6 JANUARY 2007, Page 2

A cautious welcome

The news bulletins over the Christmas holiday were dominated by the vengeful execution of the deposed leader of a ruinous country. The leader, of course, was Nicolae Ceaucescu, the country Romania and the year 1989. That Romania, together with Bulgaria, has just made the then unthinkable step of joining the European Union — the conditions of membership of which have required it to prove it is a modern democratic nation — ought to be a matter for celebration in its own right. Moreover, it should provide some optimism as to how far Iraq — though hardly likely ever to become a member of the EU — might have travelled as post-totalitarian democracy in 17 or 18 years' time.

The accession of Romania and Bulgaria to the EU on 1 January has, however, not been received positively. The presiding emotion in this country has been one of anxiety: anxiety that migrant workers from the two new member countries will take the jobs of British workers, claim benefits paid for by British taxpayers and add to the desperate shortage of affordable accommodation in London and the south-east. As passionately as The Spectator believes in free markets, including free labour markets, it would be quite wrong to dismiss these fears — not least because the government has been proved wildly wrong in its estimates of the number of migrant workers who would travel to Britain after the last wave of Eastern European nations joined the EU, on 1 May 2004. Prior to that date, ministers sought to reassure the public by predicting that in the first two years of membership just 26,000 Poles, Czechs and other Eastern Europeans would come to Britain to work. In the event, 427,000 registered to do so. Many more — possibly 200,000 according to one estimate — are likely to be working here without registering.

In some ways it is a compliment to Britain that so many Eastern Europeans wish to come to work here: they would not see our country as a place to enrich themselves did it not still have a reputation as a dynamic economy. The benefits to Britain of an influx of eager migrant workers have been well aired, not least in these pages. The new arrivals have headed straight for vacancies which employers would have struggled otherwise to fill. They have suppressed wage inflation at a time when it could easily have spiralled upwards, pushing up interest rates with all the attendant consequences for hard-pressed mortgage-payers.

The sheer scale of Eastern European migration, however, amounts to an unprecedented social and economic experiment of which the ultimate consequences are still far from clear. That is why the government has been right to exercise more caution towards economic migrants from Romania and Bulgaria than it did towards migrants from the 10 members who joined in 2004. Unskilled workers from the two new member states will be limited to existing quota schemes such as that which has operated for many years in the market for seasonal agricultural labour. Skilled workers seeking employment will have to apply for work permits. In some respects the restrictions should have gone a little further: there is no limit, for example, on skilled workers coming here to practice self-employment. Students from Bulgaria and Romania are also exempt from having to secure work permits before taking up skilled jobs — which makes the system vulnerable to abuse. We foresee a boom in colleges offering spurious courses.

It is not hypocritical to be in favour of free trade and yet also to advocate some restriction — often transitional — in economic migration. In a perfect market, no restrictions would be needed. Migrant workers would only come to work here if skills shortages demanded them. Moreover, workers would quickly return home if those skills shortages abated. In practice, however, the jobs market is not perfect. Romanians and Bulgarians, like Dick Whittington, are apt to believe exaggerated stories of the easy riches to be made in London. Unlike Dick Whittington, many have bought one-way airline tickets at (for them) extortionate prices. They cannot necessarily return instantly when they realise job prospects are poorer than they expected, or that the extraordinary cost of living in London will make life impossible for them. Another important factor is the welfare state. While Eastern European migrant workers do not immediately qualify for benefits, they will do over time. In the meantime they can enjoy medical treatment on the NHS. For migrant workers, these act as extra incentives to travel to Britain — further grounds for caution in this particular case.

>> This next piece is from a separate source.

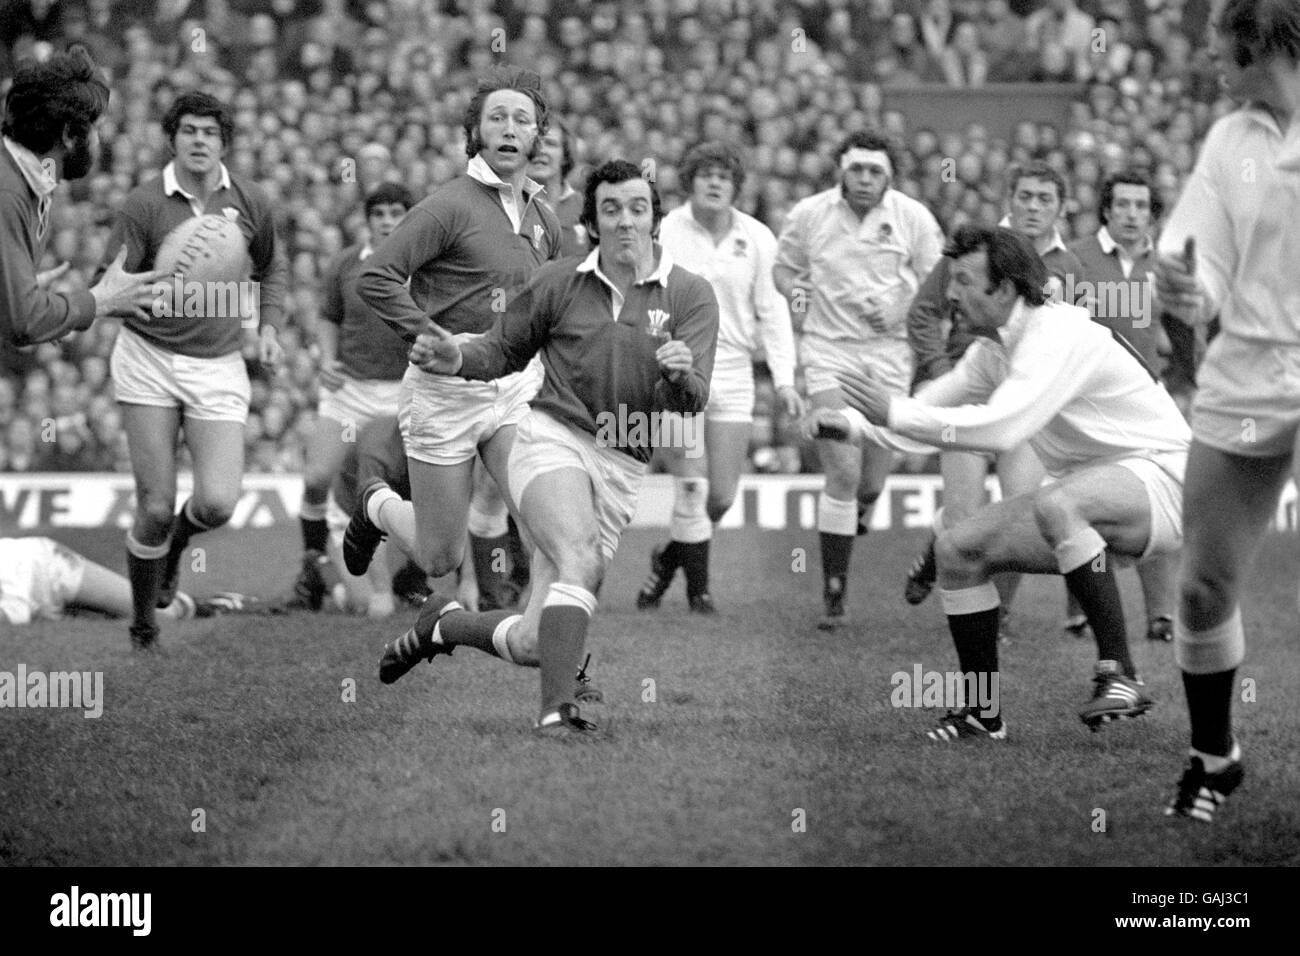 Rugby Union - Five Nations Championship - England gegen Wales. Phil Bennett aus Wales (c, r) gibt den Ball an den Flügel, beobachtet von Teamkollege JPR Williams (c, l) Stockfoto

In spite of these concerns, let us hope that the restrictions are, indeed, only temporary. Nothing should overshadow the fact that the two new members of the European Union are greatly to be welcomed. This should be no less true for those generally sceptical of the EU as an institution. A wider Europe is necessarily a shallower one which dilutes the influence of France and Germany and takes the EU closer to what we believed we had signed up for in the first place: a free trade area. The trade links which EU membership will create makes it even more unlikely that Bulgaria and Romania will ever return to the increasingly malign sphere of influence of Moscow.

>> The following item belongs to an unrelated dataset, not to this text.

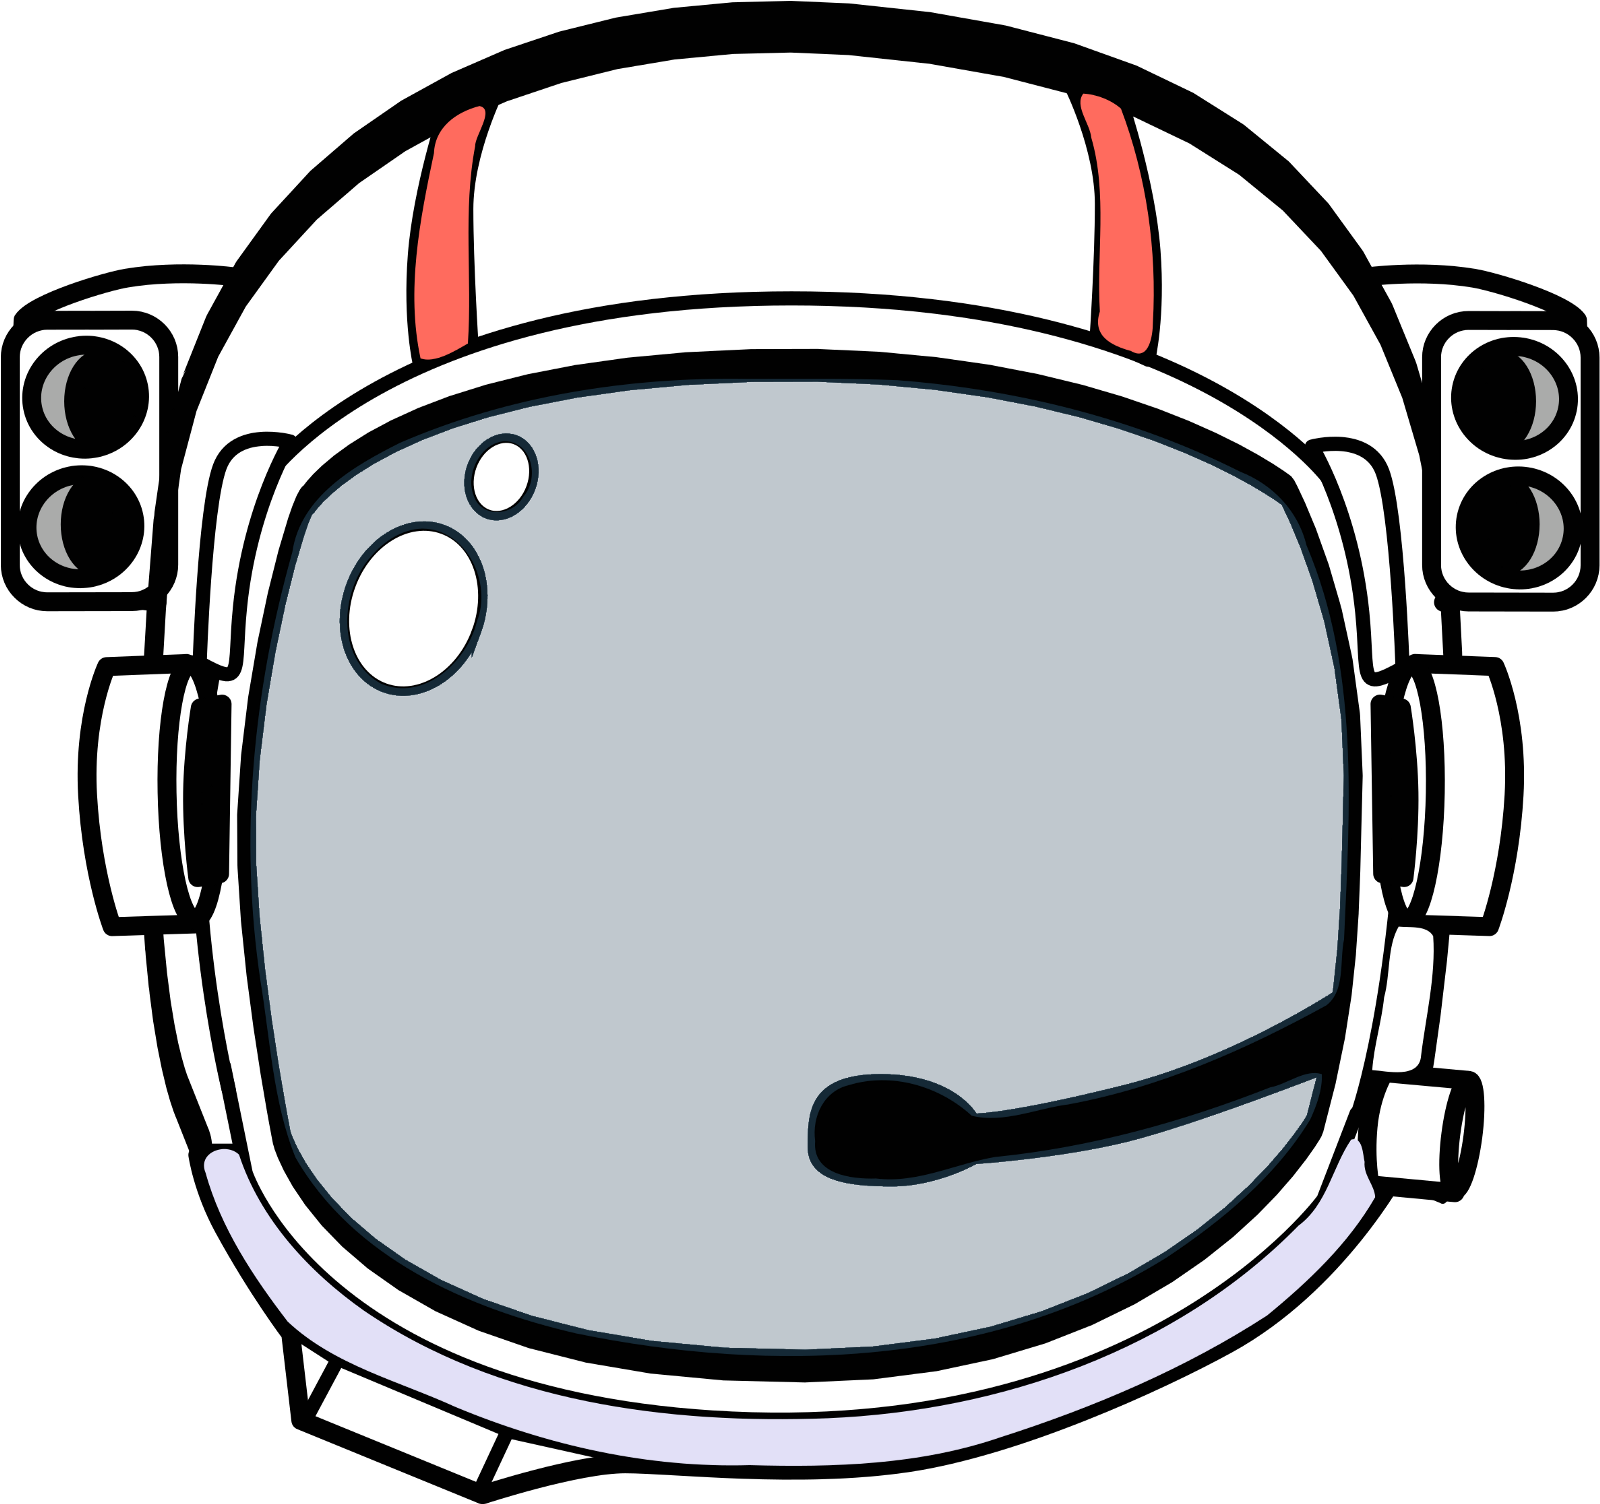 Astronaut Helmet Free PNG Image

Neither should it be forgotten that migration is not all one-way traffic. Record numbers of Britons, too, are leaving their native country to seek employment opportunities abroad, or to retire to the sun. A significant number have already bought homes on Bulgaria's Black Sea coast. The right to buy property and live aboard has come to be taken for granted by many Britons. Notwithstanding the need to manage economic migration, it would be perverse if these freedoms did not also extend to Romanians and Bulgarians who wish to better themselves here.